Earth Day was first observed in 1970 to help us respect the Earth and clean up our environment.
Arbor Day became a legal holiday way back in 1885. “Arbor” is the Latin word for “tree.” The idea behind Arbor Day was to have people help out Mother Nature by planting tree saplings around their towns. Even today, Scout Troops and schools plant trees in the park or on the playground for Arbor Day.
Nobody has to tell us Yoopers about how trees beautify our cities, purify our air, cool our environment, prevent erosion and provide habitat for hundreds of fantastic wild animals, birds and plants.
Trees are a renewable resource that if managed correctly just keep on giving and giving. From apples to acorns and from maple syrup to mighty saw logs (lumber), where would the U.P. be without a thriving forest?

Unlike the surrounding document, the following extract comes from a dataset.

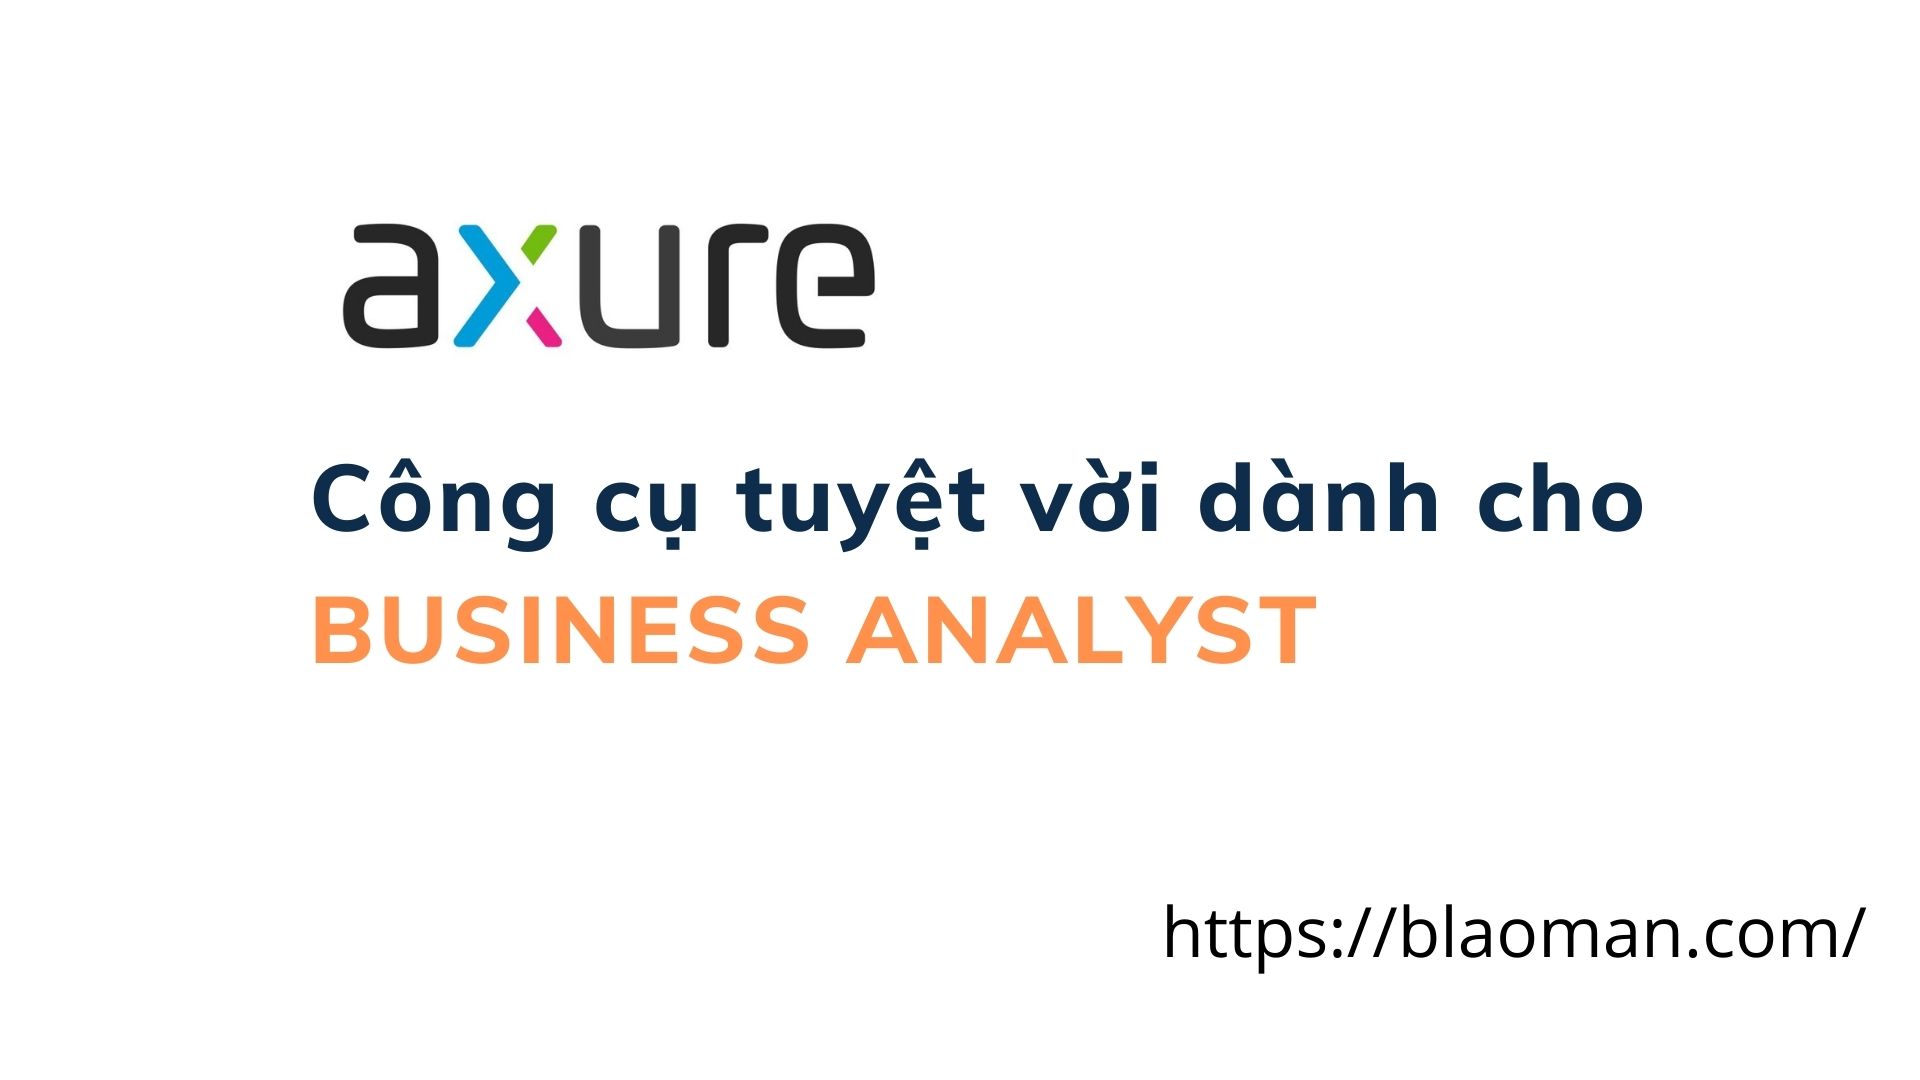 Axure là gì? Hướng dẫn cài đặt và sử dụng tool Axure dành cho business analyst, Ux designer

Basswood blossoms feed the bees, willow trees hug the river and shade it to help it stay cool, the cedars are a wind break and thermal protection for wildlife in winter and the lilac is just a gift of perfect fragrance in the springtime.
We have many people to thank for our forests and wild places today. President Teddy Roosvelt, the 26th president of the United States, was called the “conservation president.” He was a hunter and a naturalist. He started the U.S Forest Service and was instrumental in creating the National Park and National Monuments.
Our very own great-grandparents who planted the old apple orchard and let the aspen, birch and maples regenerated on their homesteads have helped us to have green spaces today. Our parents, back in the 1970s said, “give a hoot, don’t pollute,” and they used the planting bar and stuck hundreds of spruce and fir saplings in the ground around our family camps and homes.
Today more than ever we need to put the Earth first.
The late Pope Francis was known as the “green pope” because of his concern for the Earth. I will close this column with a quote from him, “We received this world as inheritance from past generations, but also as a loan from future generations, to whom we will have to return it.”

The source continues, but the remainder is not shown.